Using a RegEx in a SQL Query

Here's the situation I'm in: We have a field in our database that contains a 3 digit number, surrounded by some text. This number is actually a PK in another table, and I need to extract this out so I can implement a proper FK relationship. Here's an example of what would currently reside in the column:
Some Text Goes Here - (305) Followed By Some More Text
So, what I'm looking to do is extract the '305' from the column, and hopefully end up with a result that looks something like this (pseudo code)
SELECT
<My Extracted Value>,
Original Column Text,
Id
FROM dbo.MyTable
It seems to me that using a Regex match in my query is the most effective way to do this. Can anybody point me in the right direction?
EDIT: We're using SQL Server 2005
RegExp in SQL is defined by a SQL-Standard but most databases implemented their own syntax, you should tell us the product name of your RDBMS ;)
This is based on Pranay's first answer that has since been changed.
DECLARE #NumStr varchar(1000)
SET #NumStr = 'Some Text Goes Here - (305) Followed By Some More Text';
SELECT SUBSTRING(#NumStr,PATINDEX('%[0-9][0-9][0-9]%',#NumStr),3)
Returns 305
Microsoft seems to suggest using a CLR assembly to do Regex pattern matching in SQL Server 2005.

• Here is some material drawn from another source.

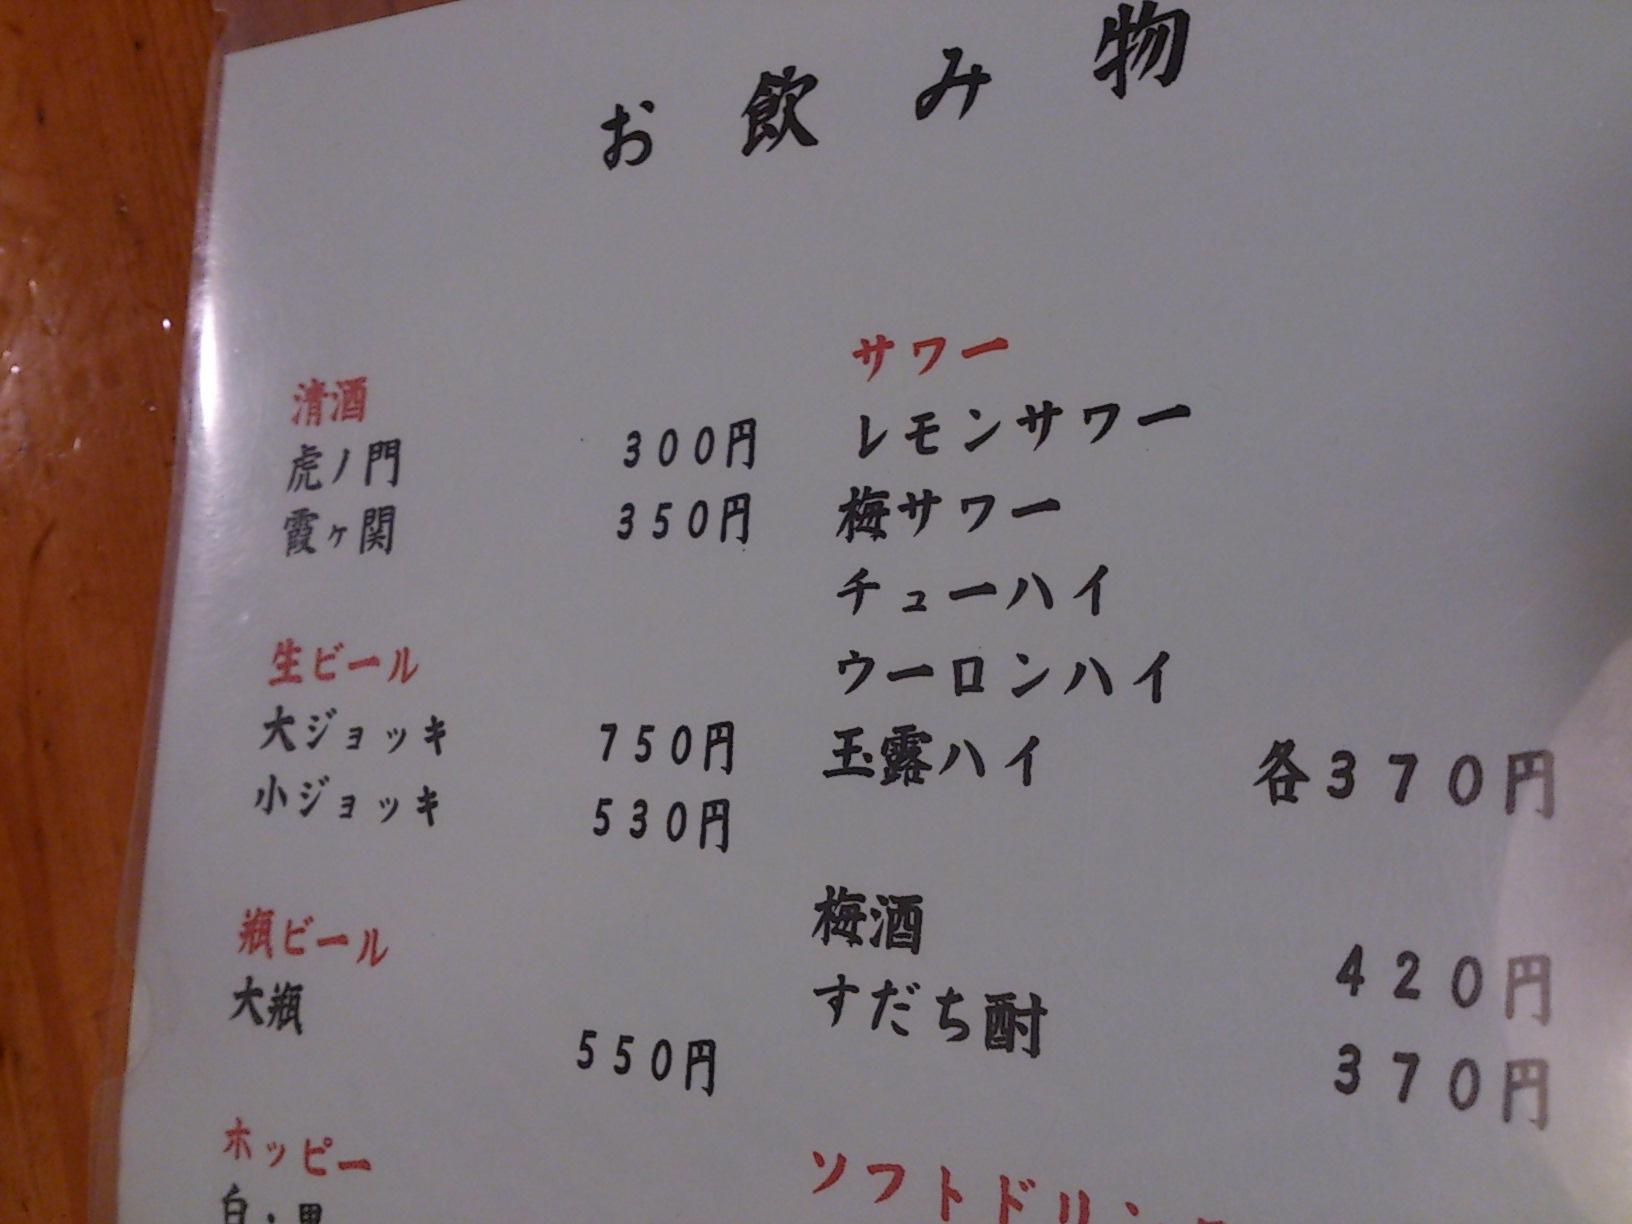 J亭落語会 柳家三三 独演会_c0100865_795016.jpg

http://msdn.microsoft.com/en-us/magazine/cc163473.aspx
Apart from LIKE (which is not going to solve your problem) I don't know of a built-in pattern matching functionality in SQL Server 2005 (that is, more advanced than simple string searches).
Just after I implemented a solution in Postgres, I see you are using SqlServer... Just for the records, then, with a regex that extracts data in parenthesis.
Postgresql solution:
create table main(id text not null)
insert into main values('some text (44) other text');
insert into main values('and more text (78) and even more');
select substring(id from '\\(([^\\(]+)\\)') from main
The only way to access RegEx-type functions in SQL 2005 (and probably 2008) is by writing (or downloading) and using CLR functions.
If all the strings are always formatted in such a way as you can identify the specific numbers you want, you can do something like the following. This is based on the (big) assumption that the first set of parenthesis found in the string contains the number that you want.
/*
CREATE TABLE MyTable
(
MyText varchar(500) not null
)
INSERT MyTable values ('Some Text Goes Here - (305) Followed By Some More Text')
*/
SELECT
MyText -- String
,charindex('(', MyText) -- Where's the open parenthesis
,charindex(')', MyText) -- Where's the closed parenthesis
,substring(MyText
,charindex('(', MyText) + 1, charindex(')'
,MyText) - charindex('(', MyText) - 1) -- Glom it all together
from MyTable
Awkward as heck (because SQL has a pathetically limited set of string manipulation functions), but it works.